Justice Ngaah made an observation of the petitioners’ prayers, noting that based on the material before the court, it is possible that the personal biometric data collected from Kenyans was exposed.

“From exposure by the 1st to 5th respondents, leave granted shall operate as stay in terms of prayer 3 of the summons pending the bearing and determination of the substantive motion,” the ruling read in parts.

The court also ordered that the substantive motion be filed and served within seven days of the date of this ruling, Thursday, August 24.

It was ordered that WorldCoin, which is the 1st respondent, be served by way of substituted service, by advertisement in any of the daily newspapers of national circulation.

The respondents and interested parties shall file and serve their response within seven days of the applicant’s motion’s service date.

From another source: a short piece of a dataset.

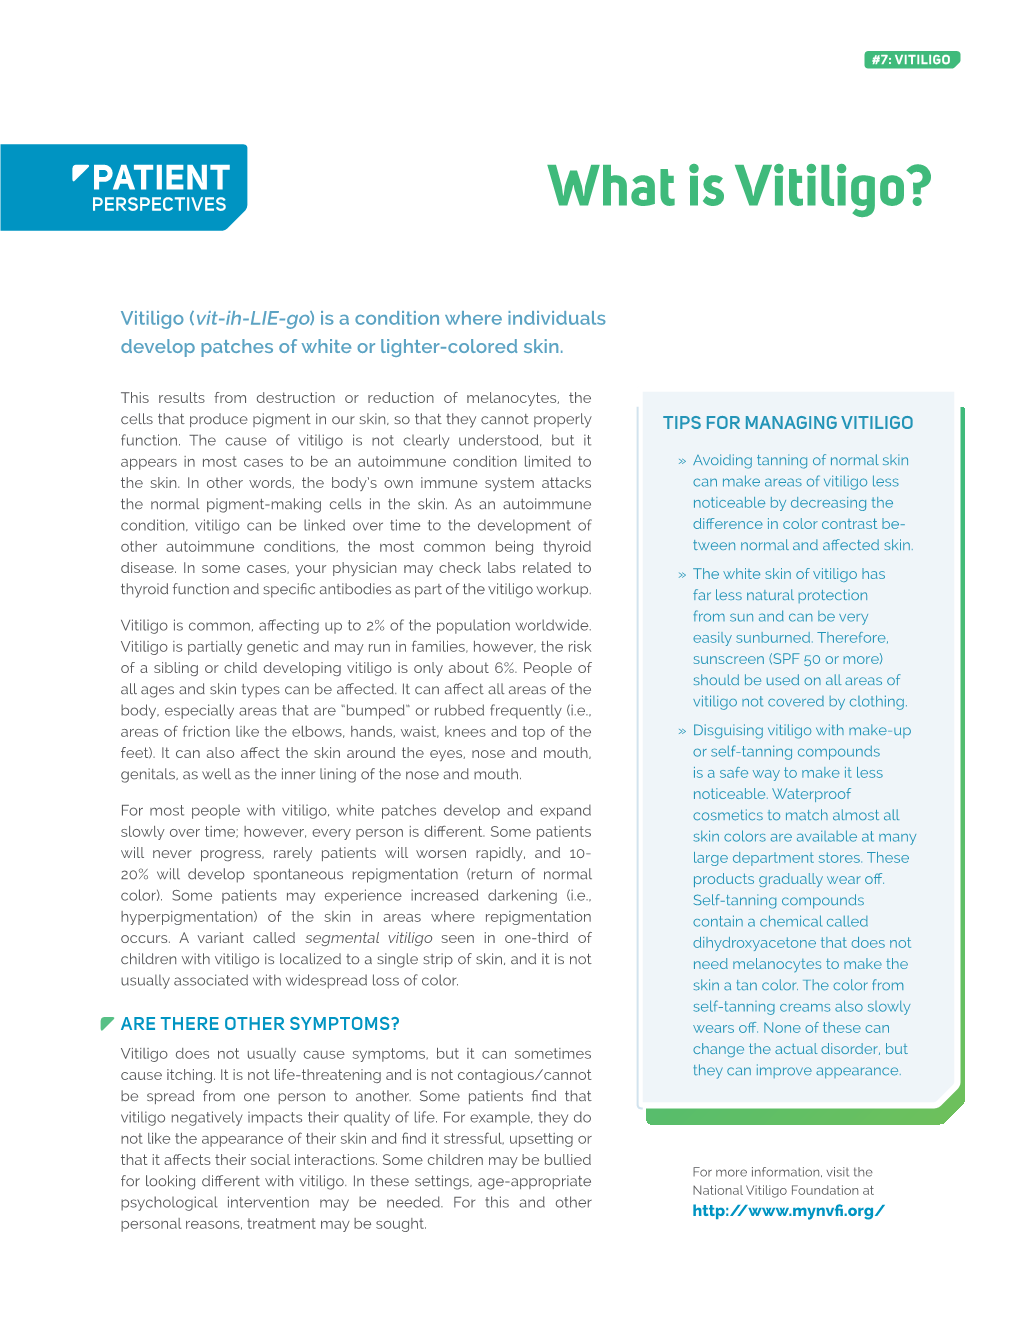 Vitiligo Handout

“Directions on the manner of disposal of the applicants’ substantive motion shall be taken on September 25,” Justice Ngaah ordered.

A collage of Interior Cabinet Secretary Kithure Kindiki (left) and an orb used by Worldcoin (right)

Photo

Ministry of Interior/Worldcoin

In their petition, Katiba Institute and the Law Society of Kenya claimed that WorldCoin obtained authorisation to operate in Kenya through misrepresentation or material non-disclosure contrary to section 19(2) of the Act and Regulation 5 and 16 of the Data Protection.

In other developments, Peter Kaluma, Homa Bay Town MP, was selected among 15 lawmakers to investigate WorldCoin’s activities in Kenya. 

Other MPs selected in the committee formed by Moses Wetangula, National Assembly Speaker, were Gabriel Tongoyo (Narok West MP), Mburu Kahangara (Lari), Caroline Ng’elechei (Elgeyo Marakwet), and Sara Korere (Laikipia North). 

John Kiarie (Dagoretti South), Geoffrey Wandeto (Tetu), Gideon Kimaiyo (Keiyo South), Shakeel Shabbir (Kisumu East), nominated MP Irene Mayaka, Kareke Mbiuki (Maara), Geoffrey Ruku (Mbeere North), Edwin Gichuki (Mathioya), Ruweida Obo (Lamu East), and Innocent Maino Mugabe (Likuyani) wrapped up the list. 

Wetangula tasked the team to table its findings in 42 days.